Business Trigger #7: A Change in Culture
How many people still visit a record store on a regular basis anymore? Not many. In 1999, the brick-and-mortar music business made $38.6 billion in sales. That same year, the illegal music file-sharing platform Napster arrived. From the peak of about $40 billion in 1999, the music industry plummeted 58% to $16 billion the following year. Think about that. That’s nearly a 60% drop in revenue practically overnight.
All it took was a shift in consumer culture. However, as with any business trigger, you can make this one work for you instead of against you.
Consider how Apple harnessed that changed culture. Apple founder Steve Jobs reasoned that while our culture balks at paying $15 for a new CD, people also don’t want to poke around the internet for hours and steal entire libraries on Napster. He had a crazy idea: Short attention spans might appreciate the simplicity of 99 cents per song.

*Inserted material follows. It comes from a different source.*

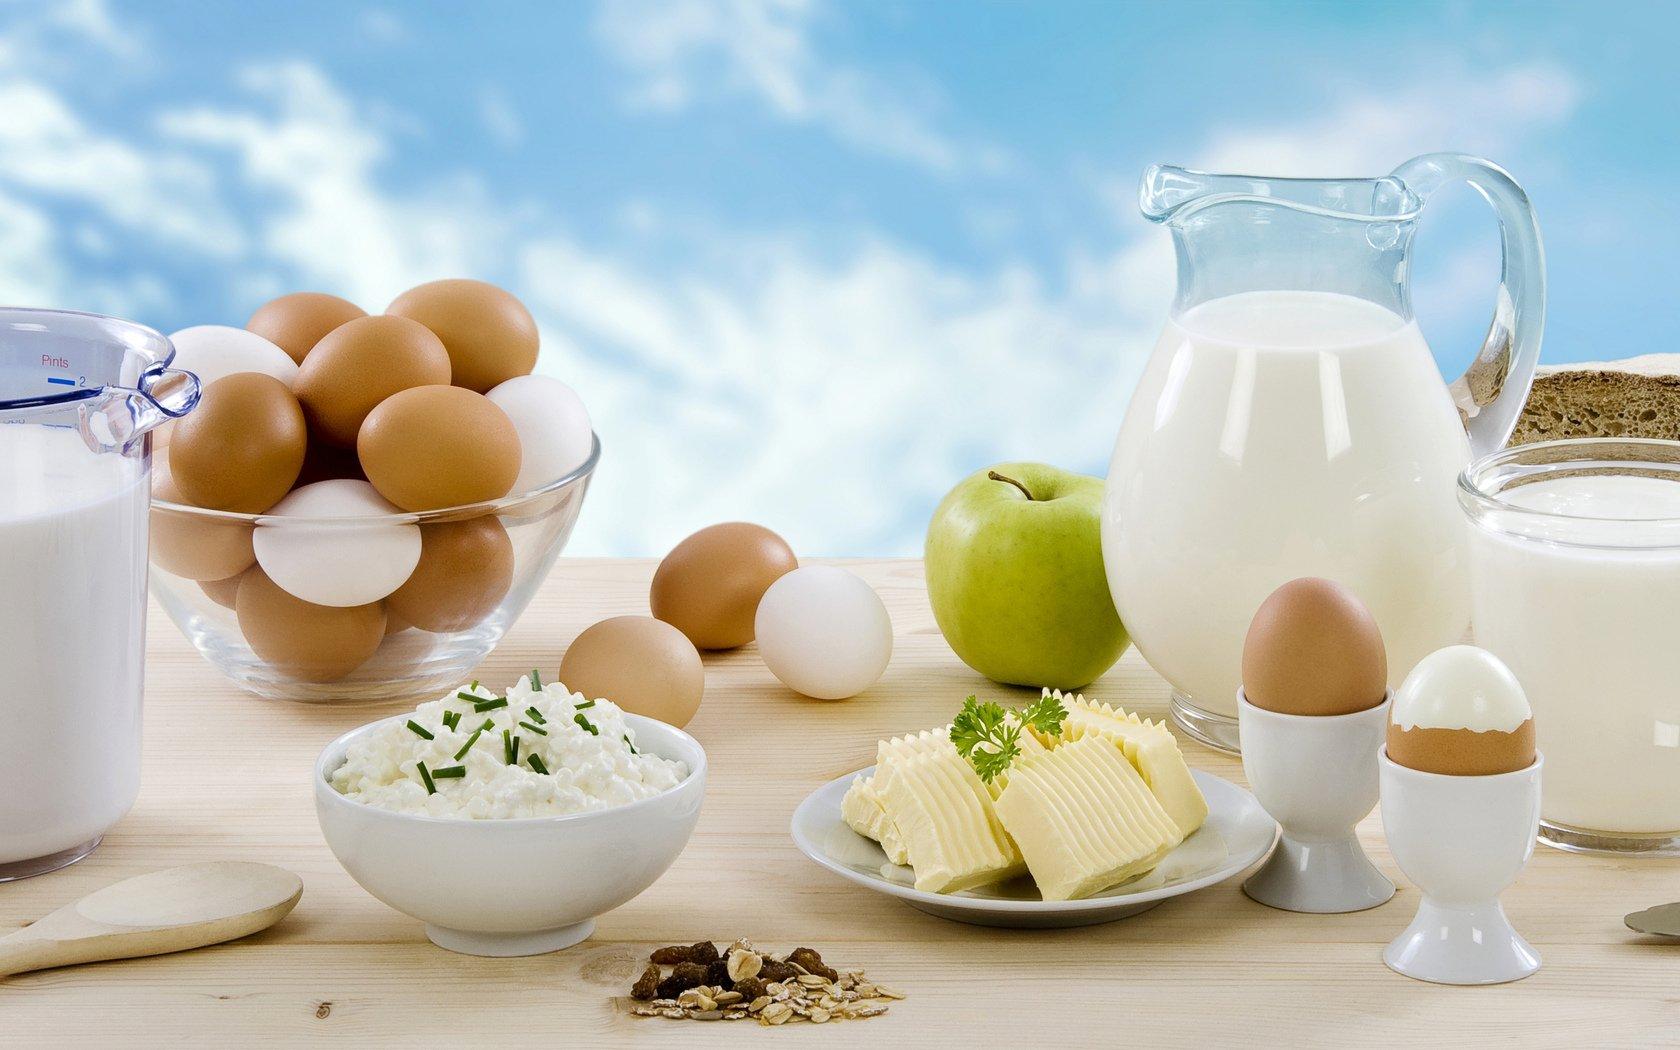 Milk #25

By 2007, the sale of those cheap little digital singles overtook CDs in a landslide, generating $819 million in sales.
When the culture demanded a cheap, easy, fast way to get music, Apple had the ingenuity to address this business trigger and become the No. 1 music retailer in the world — all because it monitored critical shifts in cultural behavior and added more value faster than anyone else.
Less than 10 years after Apple deployed its iTunes Music Store, it surpassed 25 billion songs sold. Apple triggered an industry crisis and changed how the world consumes music, books, and in-pocket entertainment.
To stay ahead of this business crisis trigger, ask yourself: What behaviors are trending? What cultural shifts are afoot? What belief systems apply to those trends, and how can they affect our business? What cultural shifts can we use to our advantage today?
Business Trigger #8: A Change in Employees’ Lives
Many business owners have experienced a top employee or salesperson going through a life stage like the birth of a child or a divorce, and they ask for some time away. Suddenly, they aren’t around as much, and if they are, they’re less productive, which can be a real hit on your business.
Business Leaders Embrace Crises and Change
After more than four decades of studying the highest achievers in business and life, I know one thing for certain: People who succeed at the highest level are not lucky — they’re doing something differently than everyone else.
Don’t wait to react to a business crisis. You don’t need to operate in fear if you anticipate change and embrace the opportunity it brings. Analyze the landscape. Ask questions. Challenge yourself to anticipate how a business crisis might emerge. Examine how you and your team can attack potential challenges. Create a pre-crisis plan that takes advantage of crisis opportunities when they open up to you.
There is no time better than the present to be a leader, my friends.